The flicker of the possible was always there, but I got better at tending that flame. Working with Mr. Allison and Mary slowly helped me come to terms with something very important: Healing mentally is not wrestling my depression or anxiety to the ground. I used to resist coping methods because I thought that coping meant I was accepting that I’d always be sick.
Accepting mental illness seems counterintuitive; we’re taught to rise above things that hold us back. And yes, depression is awful and I wish I didn’t have it. But accepting myself wherever I am allows me to keep my mental illness from running my life.
Trying to resist depression and anxiety only deepened my struggle. If an anxiety attack is coming on, it doesn’t help me to just say no. Now I know to acknowledge what’s happening and do a breath exercise or some other technique for taking care of myself while it happens. Accepting my entire experience works better for me than resisting. Only when I know where I really am can I figure out how to best navigate my life.
D.C.M. finds her own way through depression, and some teens may find aspects they connect with—and things they disagree with. Discoveries D.C.M. made about her own illness include the following:
• She recognized that the things that brought her joy suddenly didn’t any more. By reading, she discovered she might have depression and anxiety.

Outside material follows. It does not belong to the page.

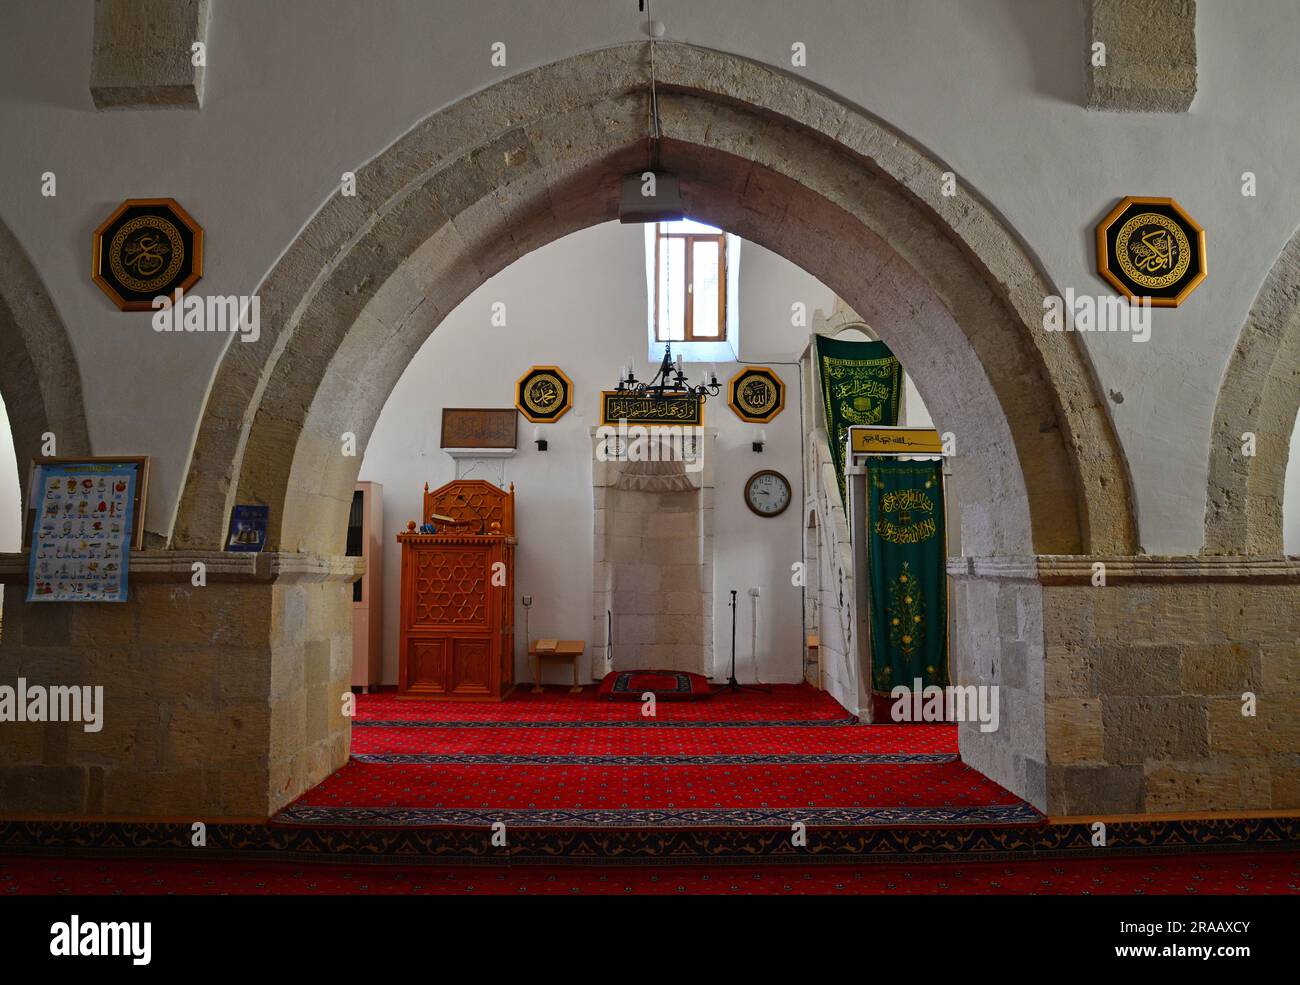 Located in Tunceli, Turkey, the Suleymaniye Mosque was built in the 16th century. Stock Photo

• After friends and adults said things that didn’t help, she found Mr. Allison, who discouraged her from beating herself up. It was what she needed. “You’re doing just fine” helped more than “You have to cure your depression!” “Receiving validation, compassion, and support from other adults, both friends and professionals, helped me get better,” she writes.
• Practicing mindfulness—watching her own thoughts and feelings—and learning specific calming techniques helped D.C.M.
• “Accepting my entire experience works better for me than resisting.” She chooses not to “fight” against the illness, which helps her not “beat herself up.”
Ask your teens:
If you have suffered depression and/or anxiety, have you had any of D.C.M.’s experiences or tried any of her coping methods? Are there other tactics that have worked better for you? Can you talk about what works for handling depression and anxiety and why you think it works for you?